Estimate of the percentage of words I know in the English and Spanish dictionaries using different statistical sampling methods in R
To calculate this, we first estimate the total amount of words in the dictionary, as well as the amount of words I know from the dictionary in total. We divide the words I know by the total number of words, and multiply it by 100 to find the estimated percentage. We explore four different sampling methods for each language: simple random sampling, stratified sampling with proportional allocation, cluster sampling, and systematic sampling. We calculate the desired values, along with their standard error. I will briefly walk through the steps that have to be taken for each sampling method: Simple random sampling is the simplest of the four. We simply generate a random 45 pages to sample, then collect our data. After that, we create our design and make the necessary calculations. Next is Stratified sampling. For this method, I chose to stratify by letter of the alphabet. Having our stratum, we then proportionally allocate the 45 samples we want for each stratum. We also calculate our fpc, then we can create our design and make the necessary calculations. Next, is cluster sampling. For this method, we cluster by letter of the alphabet. Then, we calculate the amount of clusters we need to sample based on the average number of pages per cluster and randomly select (45average) clusters, and create our design and make necessary calculations. The last sampling method is systematic sampling. For this method, we calculate k (k=Nn) and take every kth sample from the dictionary pages. We also calculate the weight of each sample, then create our survey design and make the necessary calculations. To wrap up the results, I calculated the difference between the percentage I know for each language for each sampling method, as well as the confidence intervals for the calculations. I also created a bar graph with error bars to visually represent the percentages calculated.

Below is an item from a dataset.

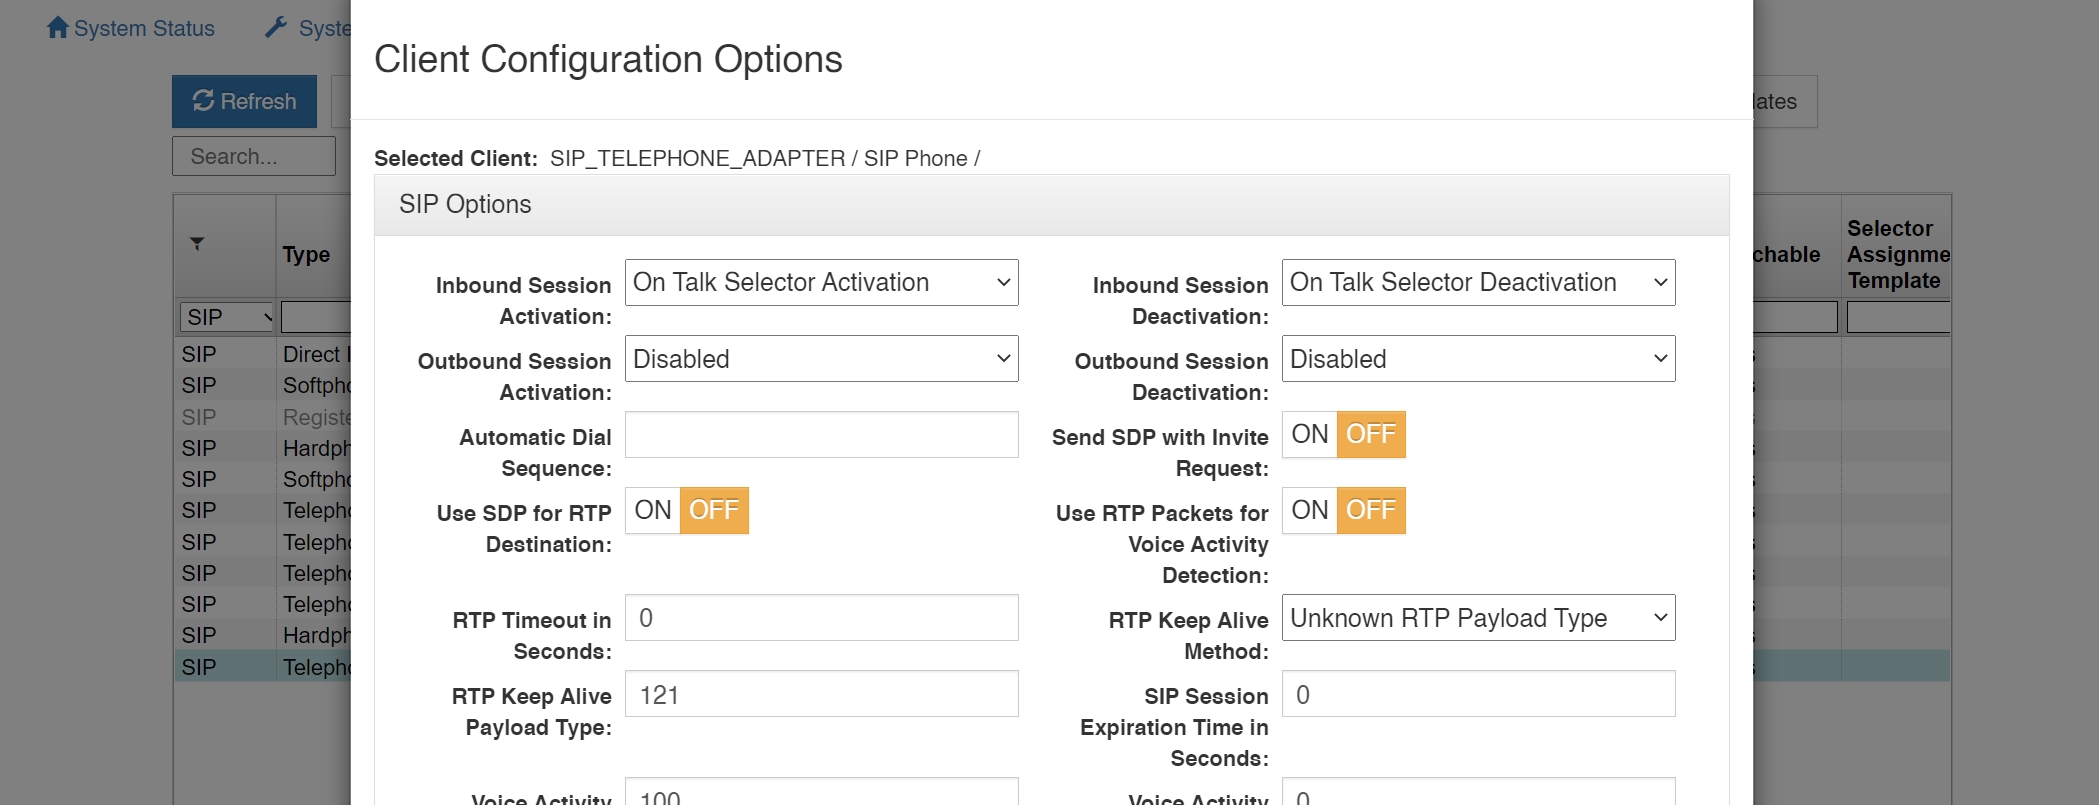 screenshot of vcom system administration sip client configuration options

The resulting estimated percentages and their confidence intervals are as follows. Based on the simple random sampling, I know 82.108% of the English dictionary with a confidence interval [-23.2, 187.4] and 82.015% of the Spanish dictionary with a confidence interval of [79.5, 84.5]. Based on stratified sampling, I know 83.242% of the English dictionary with a confidence interval [82.9, 83.6] and 83.971% of the Spanish dictionary with a confidence interval of [83.3, 84.7]. Based on cluster sampling, I know 79.896% of the English dictionary with a confidence interval [79.3, 80.5] and 84.403% of the Spanish dictionary with a confidence interval of [83.4, 85.4]. Lastly, based on systematic sampling, I know 81.343% of the English dictionary with a confidence interval [79.1, 83.6] and 83.793% of the Spanish dictionary with a confidence interval of [80.8, 86.8].

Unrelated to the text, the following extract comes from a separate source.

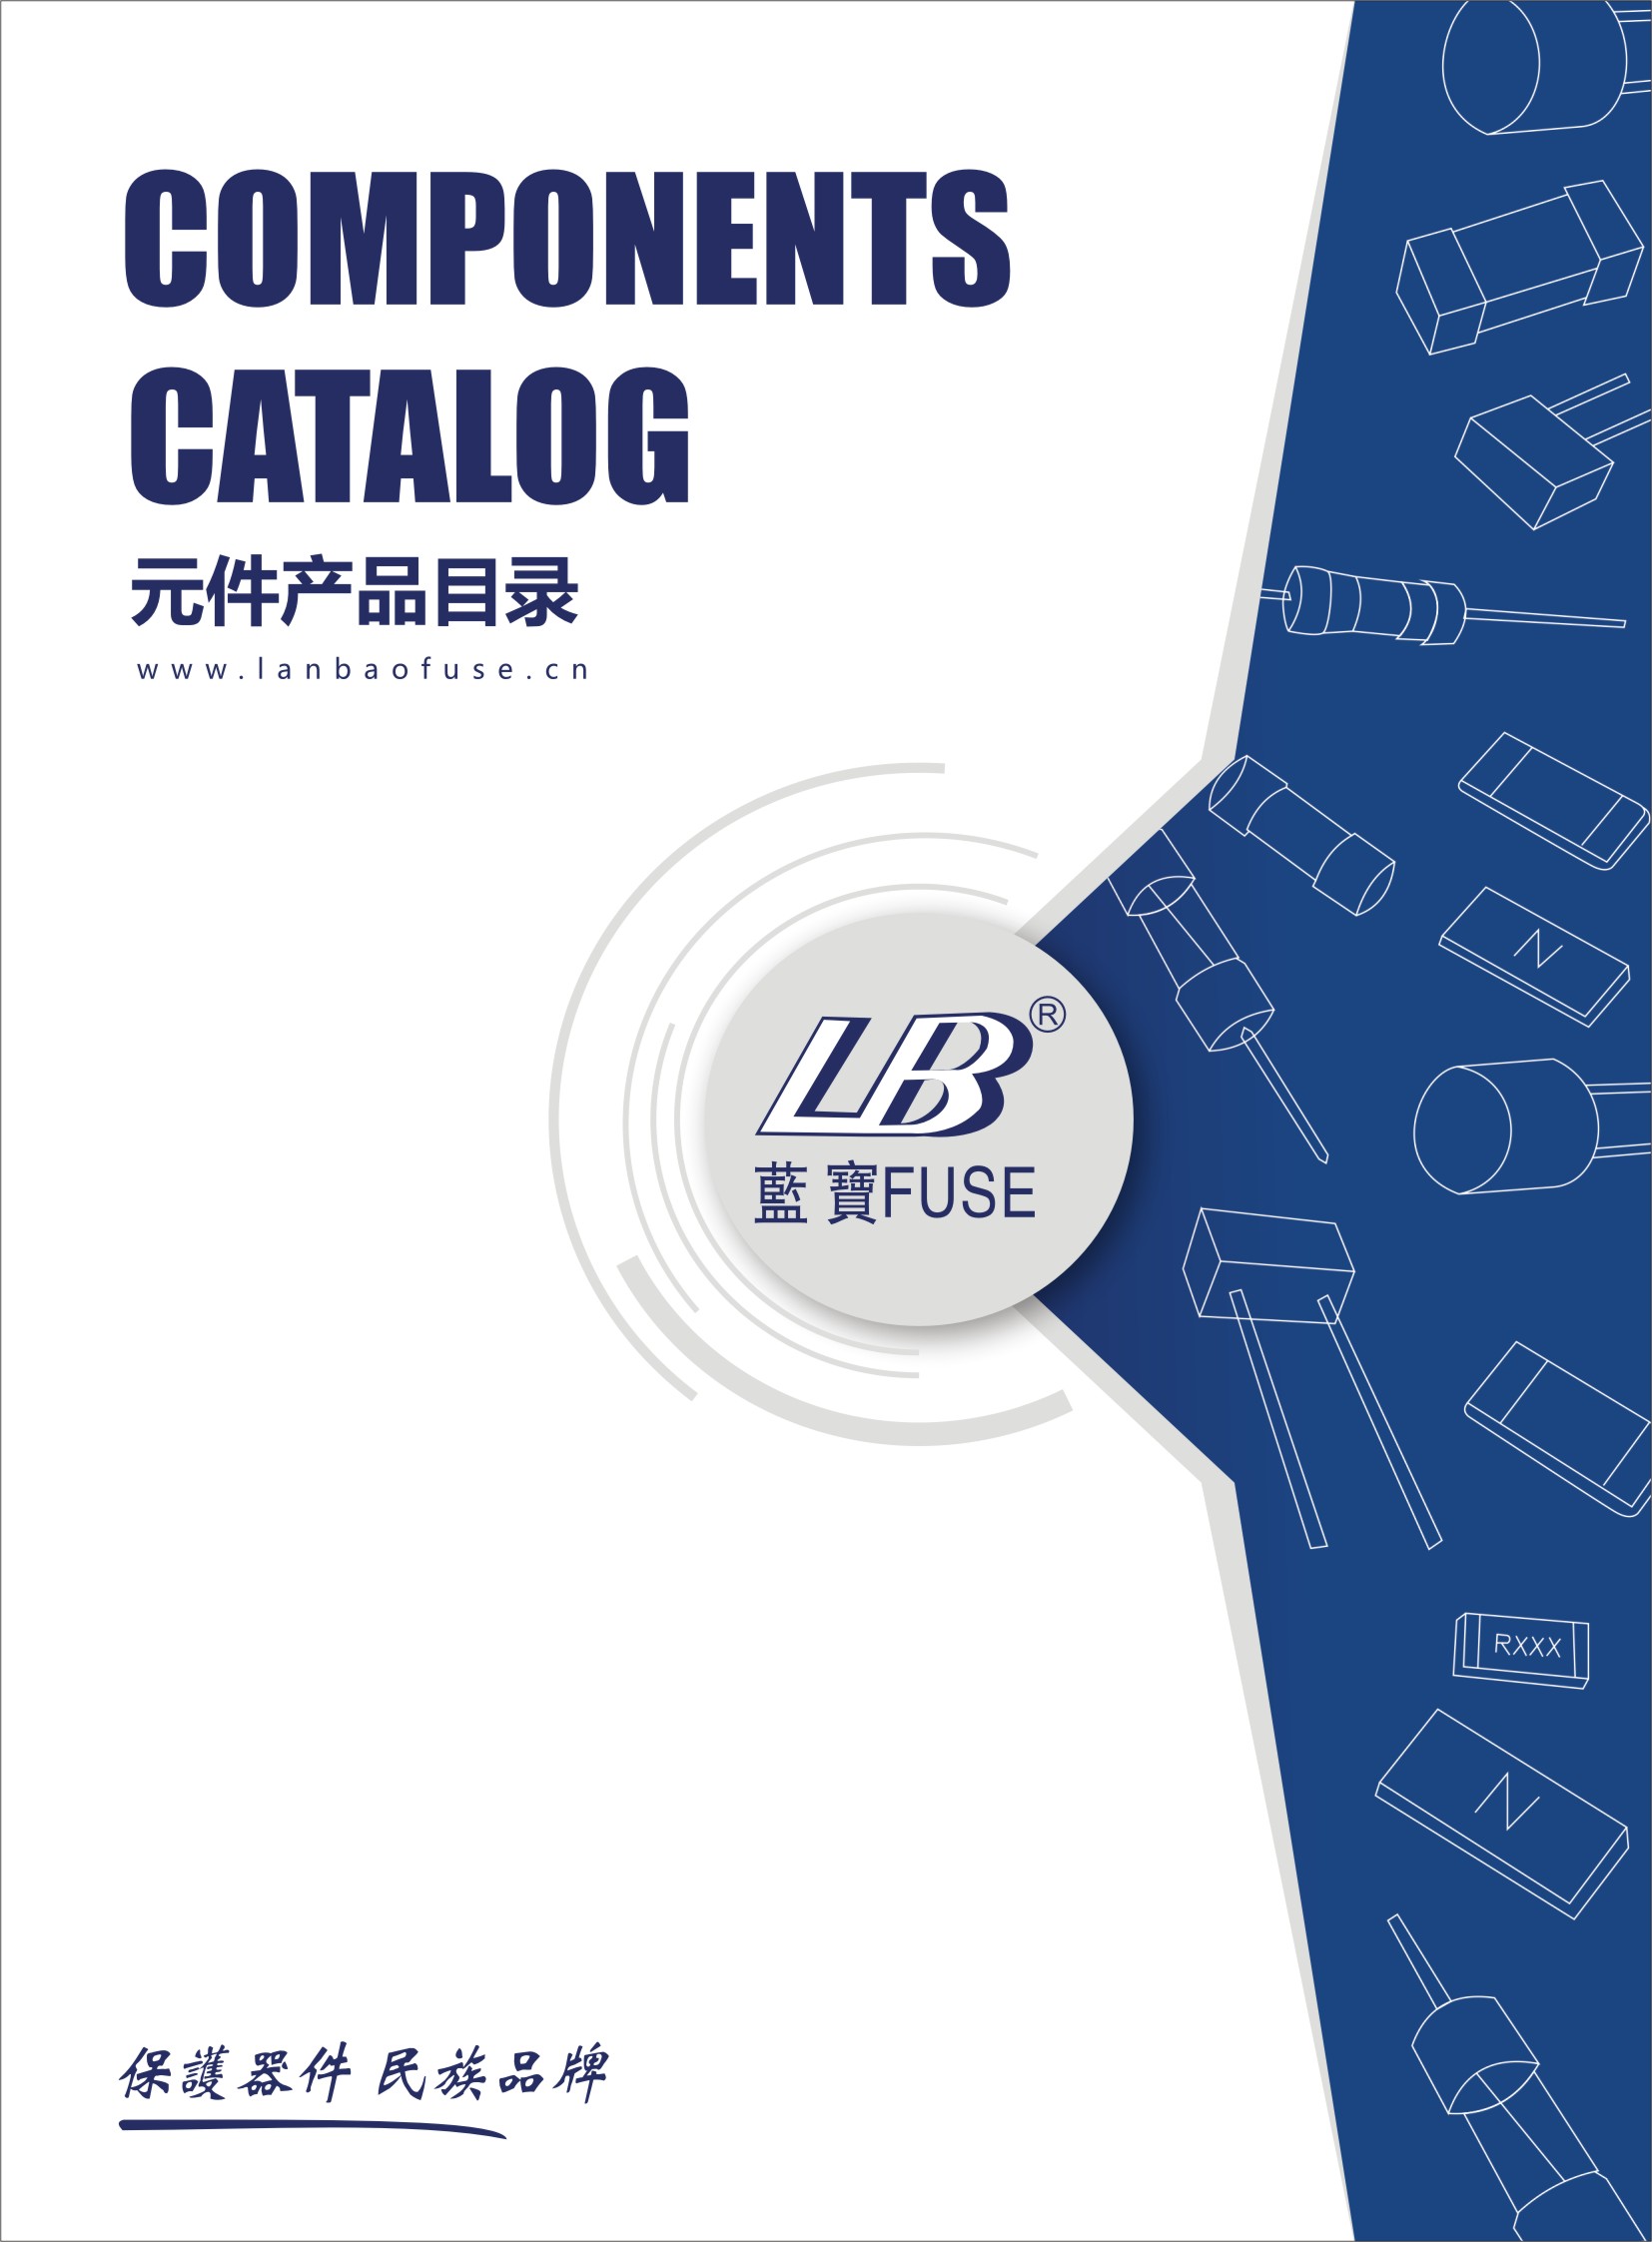 Lanbaofuse promotion and product catalog

The difference in percentage estimates between English and Spanish knowledge is minimal (0.09%) with a bad confidence interval spanning from -105.21% all the way to 105.40%. This uncertainty is reflective of the variability introduced by the random sampling process. Stratified sampling has a difference of -0.73% between English and Spanish languages. This calculation has a relatively narrow confidence interval of [-1.11%, -0.35%]. This shows that taking strata into account helps reduce variability, providing a more precise estimate. Cluster sampling has the largest difference between the two languages: a difference of -4.51% between English and Spanish. The confidence interval for this is [-5.08%, -3.95%]. Lastly, systematic sampling indicated a -2.45% difference in my knowledge between English and Spanish. However, the confidence interval is a bit larger: [-4.67%, -0.22%].

The results from all the different sampling methods provide valuable insights. The discrepancies in language knowledge estimates across different sampling methods provide valuable insights into the nuances of survey design. Something that’s important to note, is that the percentage of known words varies across the sampling methods, reflecting the impact of the sampling design on the estimation. Each sampling method offers unique advantages and disadvantages.
While the results for both languages using simple random and systematic sampling were similar, stratified sampling stands out as the method with the most precise estimate. This suggests that accounting for strata based on certain characteristics enhances the accuracy of estimates. This is possible because we are then able to reflect variations in language knowledge across different subgroups.
In contrast, cluster sampling and simple random samples have larger confidence intervals, indicating a higher level of variability in the estimates. This variability could be influenced by the grouping of pages into clusters or the randomness of the sampling process. Systematic sampling may not consistently outperform other approaches in terms of precision, but it remains a viable choice for scenarios where simplicity and efficiency are important. One thing to note is that it seems to be limited when it comes to capturing variability.
These results emphasize the importance of selecting an appropriate sampling strategy based on the objectives and the characteristics of the population. The strategy we choose plays a large role in metrics such as accuracy and reliability. No single method is universally superior, but we tailor our approach to the characteristics of the population and the specific objectives of the study. The results make sense. My first language is Spanish and I grew up speaking English in school, so it’s not extremely unlikely for me to know about the same percentage of English and Spanish. Something that may have impacted them is also that the English one contains words from other origins such as French origin or British origin. However, the Spanish dictionary did not.